Actionfigure, Inc.
- Industry: Information Services; Transportation Demand Management; Mobility Information; Real Estate Technology;
- Founders: Matt Caywood; Ryan Croft;
- Headquarters: 750 17th St NW,; Suite 800,; Washington, DC 20006,; United States;
- Website: actionfigure.ai

= Actionfigure =

American software company

Actionfigure, originally known as TransitScreen, is an American technology company that offers software for transportation information and transportation planning. Their initial product TransitScreen (now Actionfigure Screen) is a digital display showing real-time transportation arrival data and other local information. In 2018, they launched a mobile application offering real-time transportation data, and in 2020 launched a product for employers to help employees navigate their commutes. As of 2018, Actionfigure has displays in more than 1,000 buildings in 30 cities, including Washington, Boston, and Pittsburgh.

Actionfigure is a SaaS platform, in which the property or business pays to access its software on a monthly or annual basis.

== History ==
The company grew out of Arlington County's Mobility Lab, which measures the impacts of transportation demand management services. In January 2015, the company closed its first round of seed funding of $600,000, which came from a number of investors, such as 1776 Ventures and Middle Bridge Partners. In late 2015, an additional $800,000 of seed money was raised In April 2018, a new round of funding was announced and was closed in May 2019 from Vancouver-based TIMIA Capital. Shortly thereafter, the company announced that its product is available in South America and Western Europe.

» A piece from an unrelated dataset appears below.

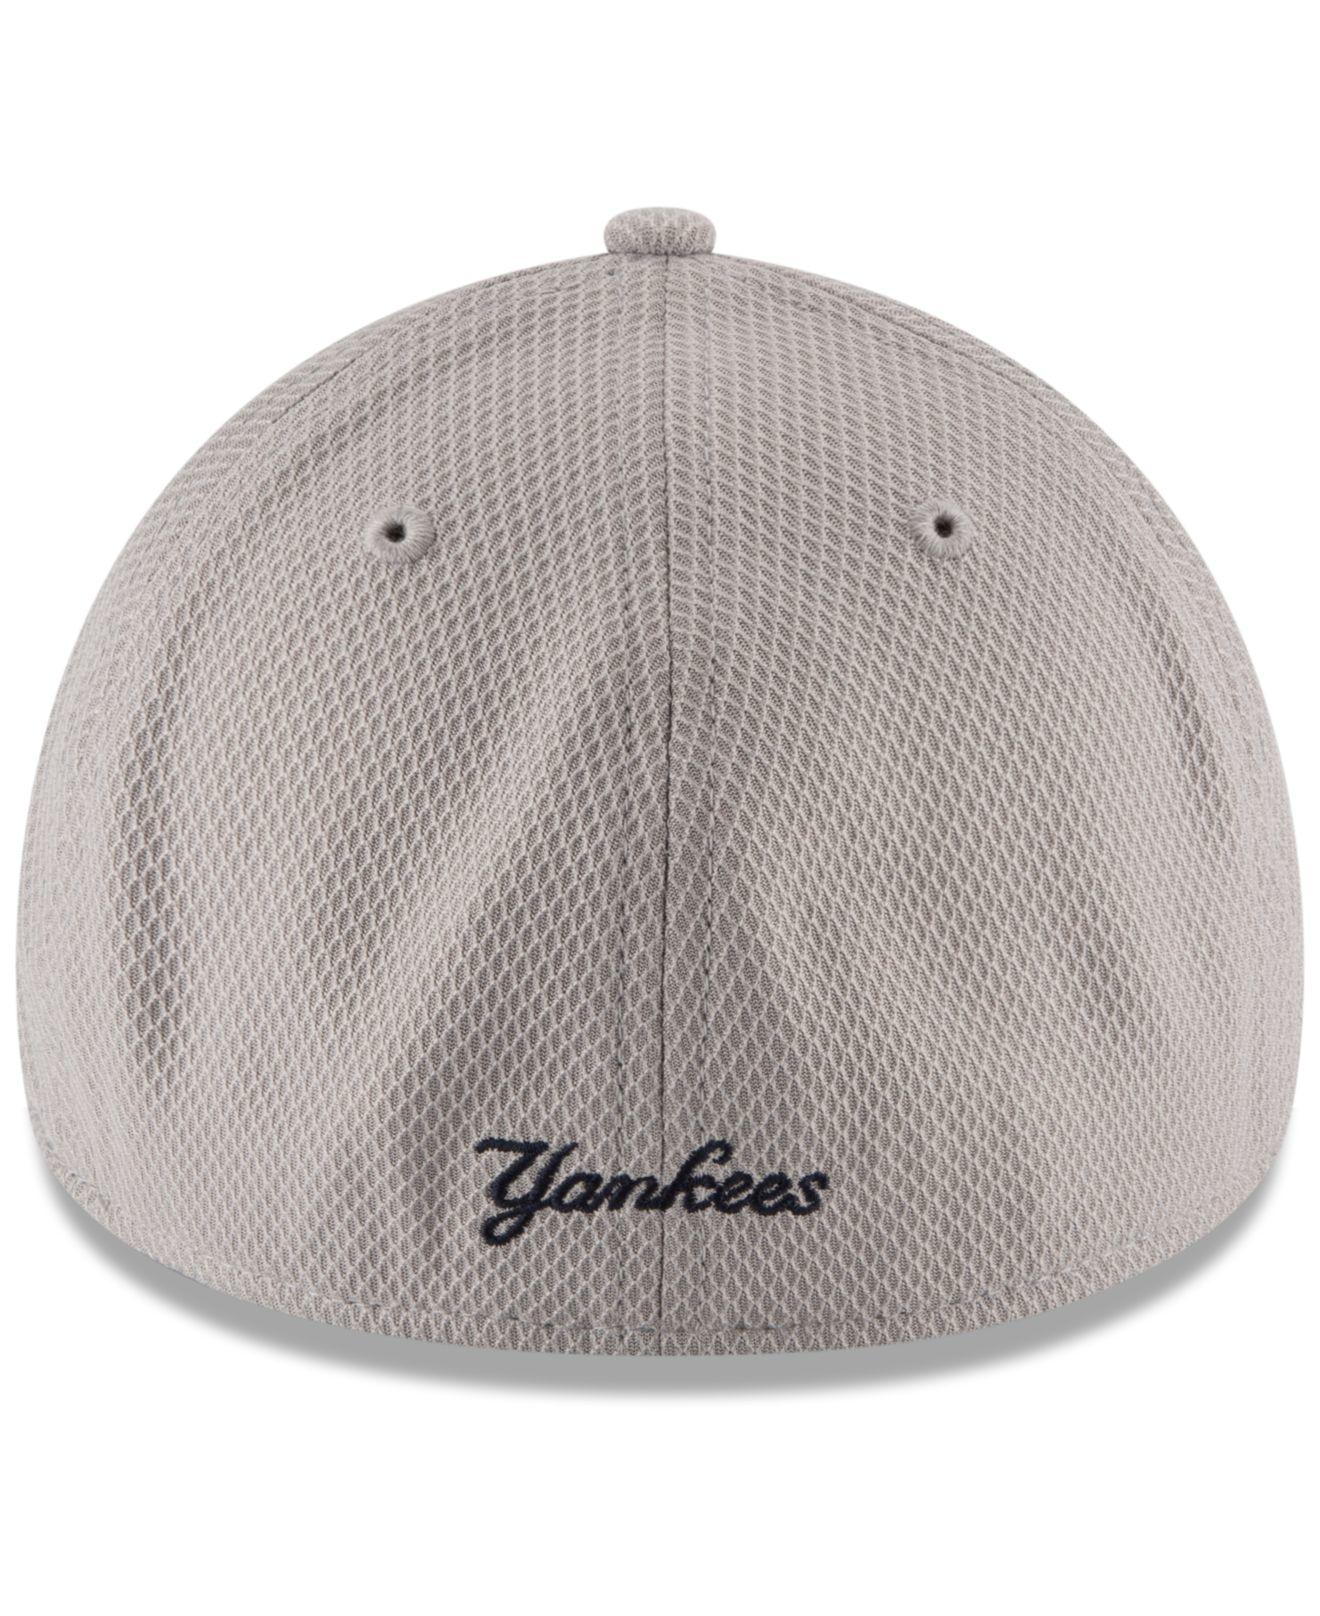 online store a78de 181b5 ... era royal mlb team classic 39thirty flex hat 6ee52 52767  get lyst ktz  new york yankees team grayed 39thirty cap in gray for men 55238 3bcbf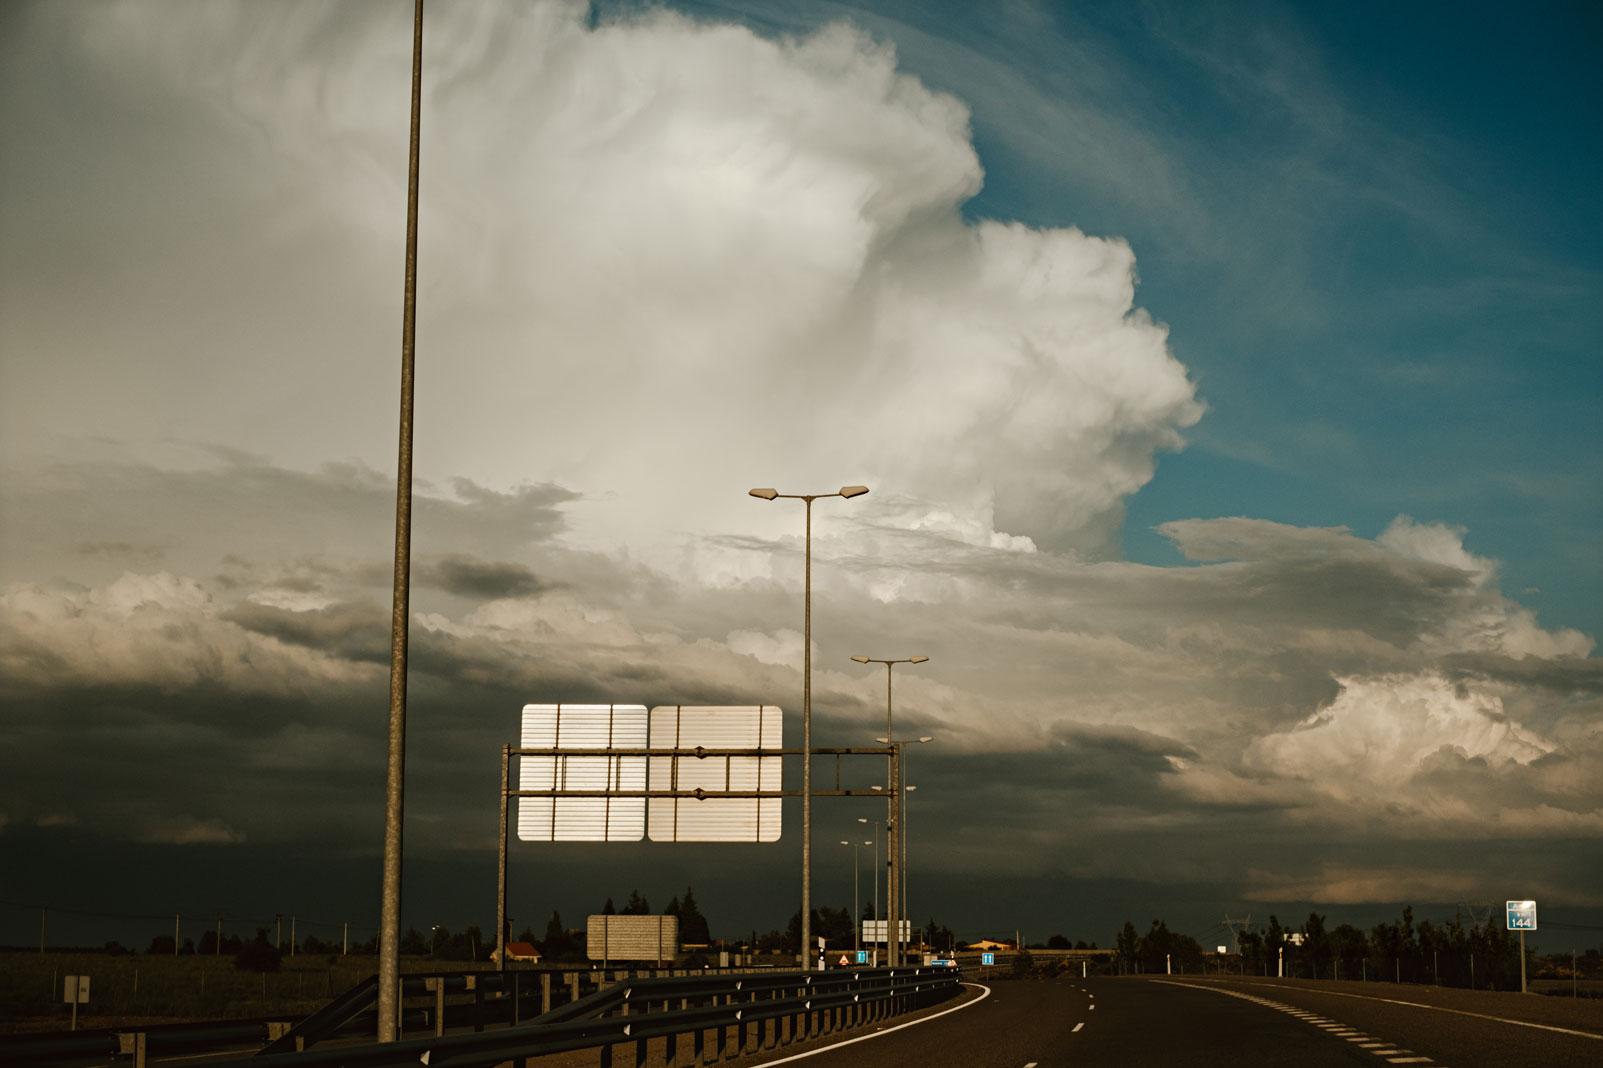 Fotos en la carretera

In August 2019, Actionfigure and New York-based commercial real estate digital media amenity company Captivate announced a partnership that will bring Actionfigure's real-time data to Captivate's network of multipurpose display screens.

In August 2020, Actionfigure released Insights, which provides employers with tools for employee onboarding and employees navigating new or hybrid workplace schedules. Insights creates customized trip planning by assessing all local transit routes, multimodal trips, and fares, while integrating with commuter benefits programs.

In November 2021, TransitScreen rebranded to Actionfigure, bringing its suite of software solutions under a unified identity.

== Products ==
Actionfigure's displays show real-time arrival information for trains, subways, buses, streetcars, and ferries. They also show real-time availability of local bicycle-sharing systems, carsharing, and vehicle for hire companies. The displays are made to correspond to the specific address where the individual screen is located.

In September 2017, they released its MobilityScore rating, which uses historical data to determine how easy it is to get around a given location without a car. It is similar to Walk Score, but measures the mobility and transit accessibility of an address rather than proximity to amenities.

In November 2018, they released a mobile application, Actionfigure Mobile (originally CityMotion). Actionfigure Mobile is location-based and shows the user the real-time availability of mobility options nearby. Like Actionfigure Screen, it is a B2B product and is not currently available for individual consumers.